Deux couples : Many, femme au foyer qui rêve de retravailler et Sylvain, obsédé par son travail, branchés, dépensiers, racés, et leur petite Zia, adorable bambine bien élevée, jolie comme un cœur, obéissante, en très bonne santé ; Maude, employée dans le social et Florent, libraire à temps très partiel, et leur fille Chloé, un ouragan toujours malade. Insortable, reine de la boulette, désobéissante, violente. Vieilles copines dès l’adolescence, la sylphide Many et la complexée Maude, restée très marquée par sa grossesse, vont présenter leur progéniture au grand casting organisé par le magazine « Top Baby Kids Fashion », dont les dix gagnants passeront une semaine avec leurs parents dans un palace de luxe à Djerba, tous frais payés, et shootés par des professionnels. Simplicité demandée, pas de rivalité entre les adultes, pas de maquillage pour les chérubins défilant devant le jury, lors de la finale à la Foire du Valais, entre fromage, saucisses, alcools, outrances en tous genres, ambiance familiale et conviviale garantie… à la Breughel.

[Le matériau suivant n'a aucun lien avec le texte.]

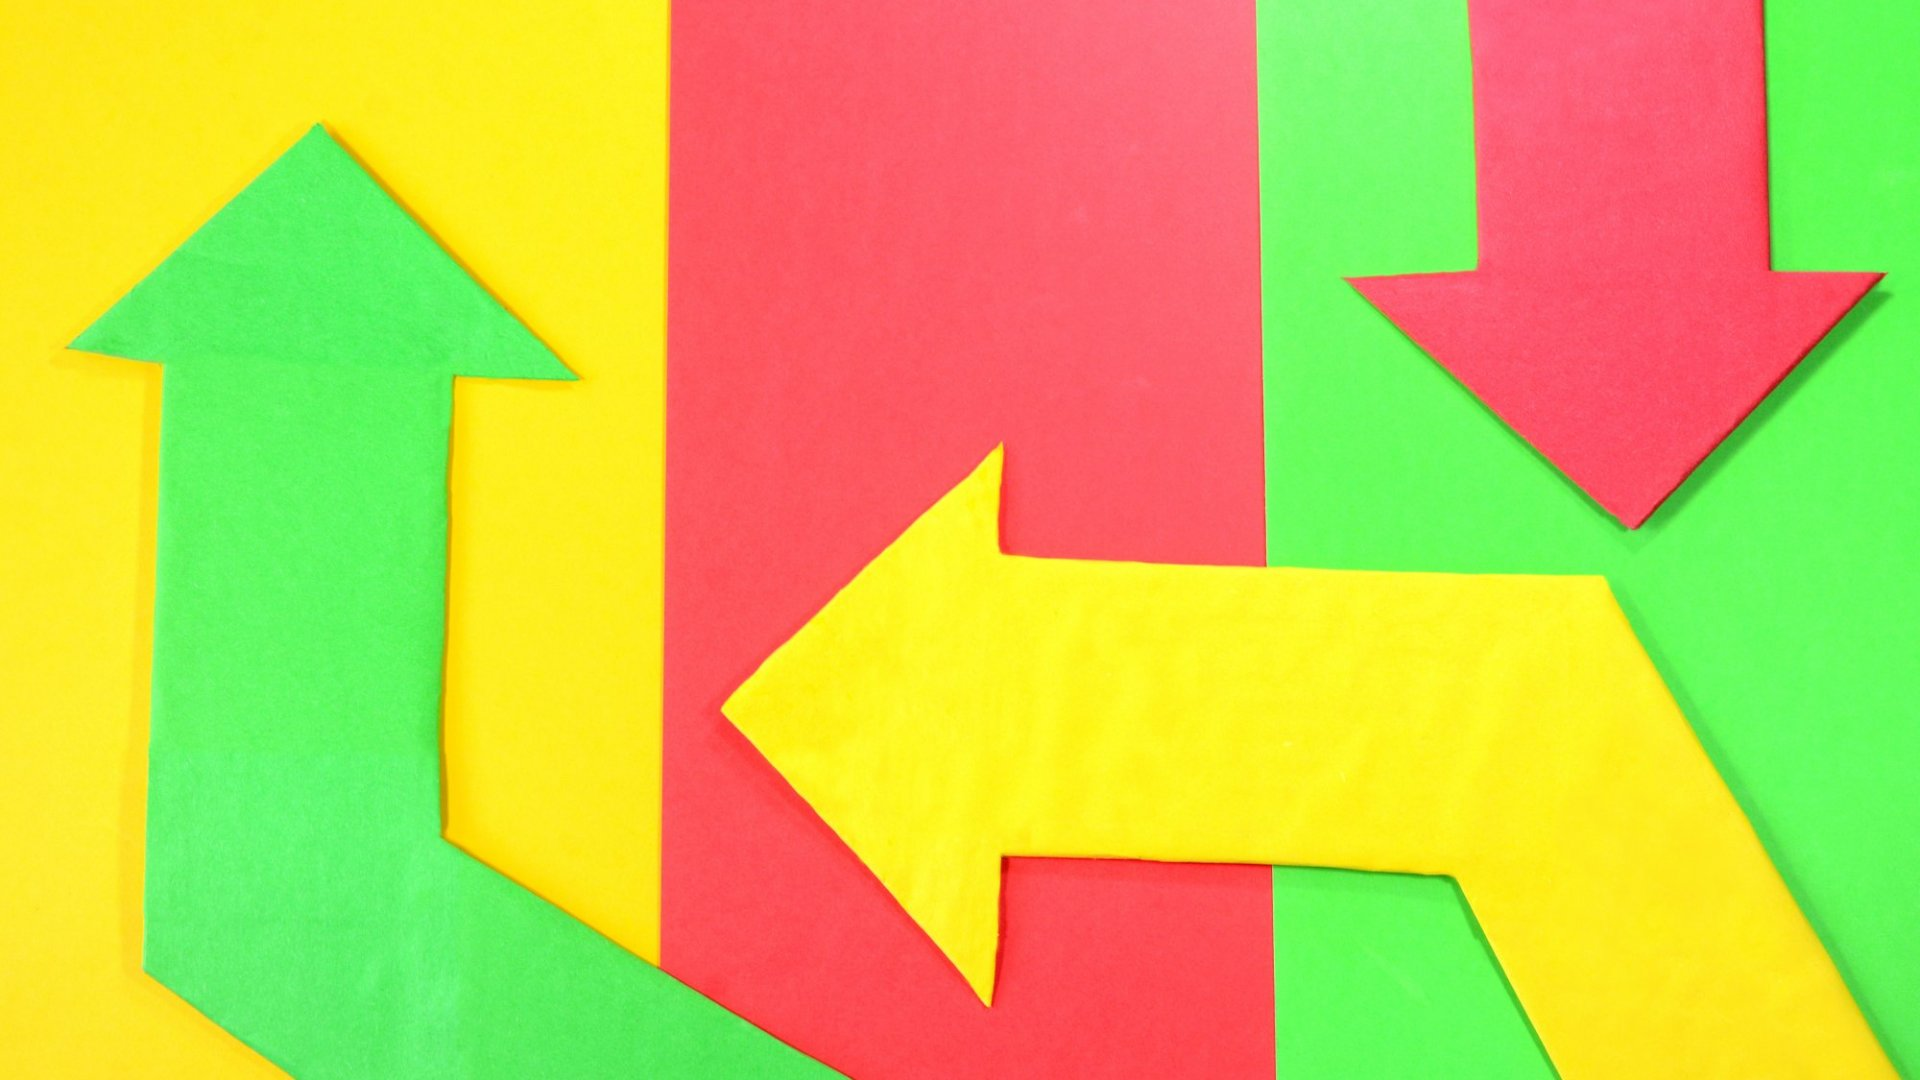 6 Ways to Develop Sharp Business Judgment
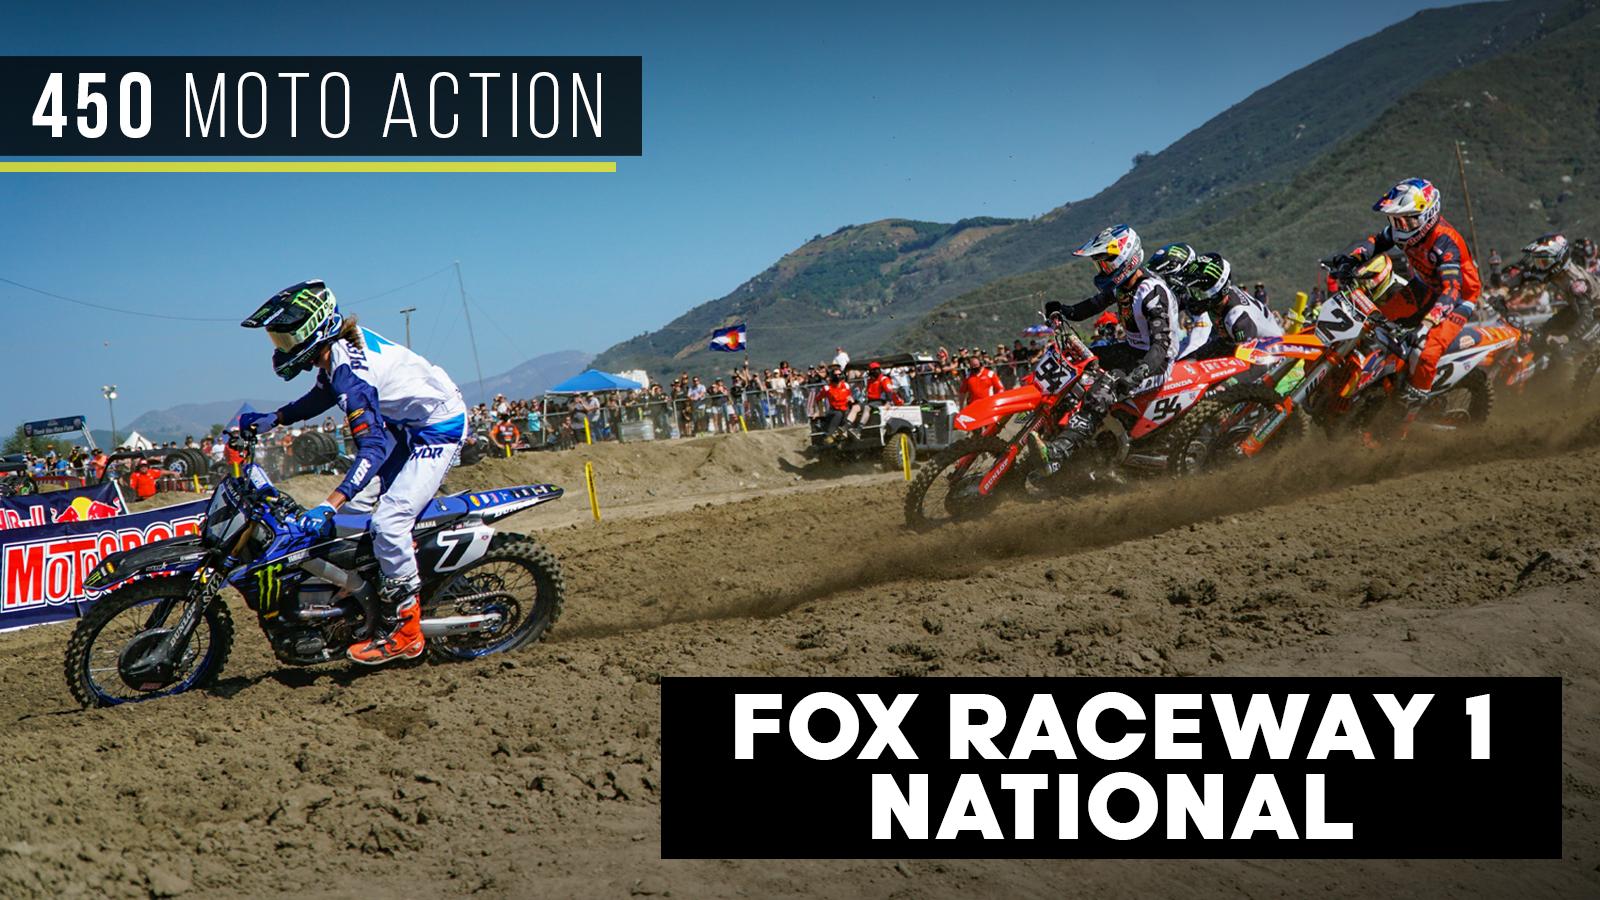 Fox Raceway 1 National   450 Moto Action

Cette fête annoncée réveillera pourtant les aigreurs des parents « individus potentiellement dangereux », les attentes des uns et des autres, l’arrogance des nantis, le malaise d’un papa récalcitrant à un tel événement, les regrets, les espoirs de reconnaissance via les gosses, la mauvaise foi, menant les deux couples au bord de la rupture. Et révélera l’effervescence d’activités futiles au fief des toquantes, du fric et du chocolat, via les sacro-saints réseaux sociaux qui rythment la vie de chacun. Pipi, caca, vomis, crises, nuits sans sommeil, jalousie, petites infidélités, dépenses et apparences, mensonges, le tout enrobé d’un ton sarcastique qui devrait alerter les adultes : vous n’êtes ni les premiers ni les derniers à avoir pondu, un peu de relativité que diable. Vos mioches n’ont rien d’exceptionnel et vous-mêmes faites partie de la masse anonyme des citoyens de ce pays de cocagne, qui se moque complètement du reste du monde. Une lecture joyeuse vivifiante.